[llvm] [AMDGPU] Vectorize i8 Shuffles (PR #95840)

Fri Aug 23 08:54:02 PDT 2024

================
@@ -1134,14 +1153,15 @@ InstructionCost GCNTTIImpl::getShuffleCost(TTI::ShuffleKind Kind,
 
   Kind = improveShuffleKindFromMask(Kind, Mask, VT, Index, SubTp);
 
-  // Larger vector widths may require additional instructions, but are
-  // typically cheaper than scalarized versions.
-  unsigned NumVectorElts = cast<FixedVectorType>(VT)->getNumElements();
+  unsigned ScalarSize = DL.getTypeSizeInBits(VT->getElementType());
----------------
jrbyrnes wrote:

Separate the operation / type cost changes into different PRs? That's actually what I've tried to do -- it's a PR stacking problem.

The relationship is mapped in the description, but basically this PR is meant for the changes to shufflecost and https://github.com/llvm/llvm-project/pull/91016 is meant for the changes required to enable SLP vectorization for i8s.
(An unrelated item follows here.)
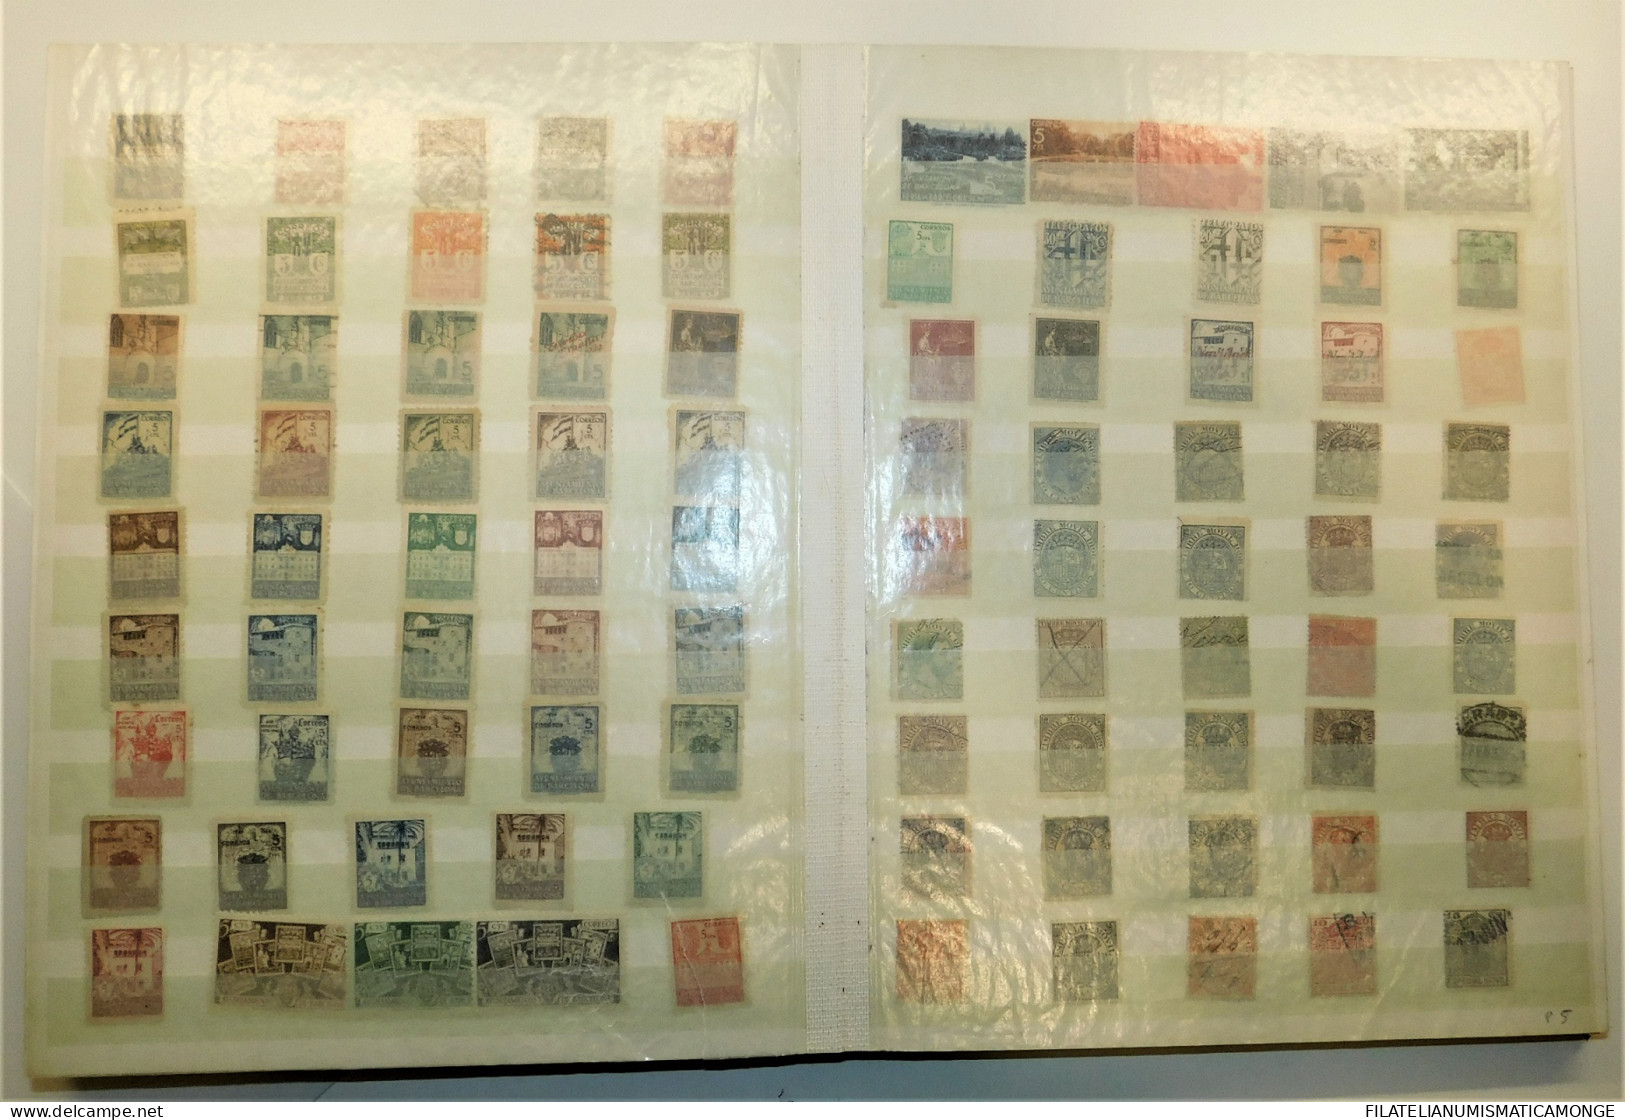  Offer - Lot Stamps - Paqueteria  España / 1er Centenario 1901-49 1000 sellos d

The dependency is needed one way or the other to add the lit changes, and I decided to make https://github.com/llvm/llvm-project/pull/91016 the base as there is another PR in flight which depends on that as well.

In short, this PR is meant to address the shuffelcost changes and will be landed atomically with https://github.com/llvm/llvm-project/pull/91016  (if at all)

https://github.com/llvm/llvm-project/pull/95840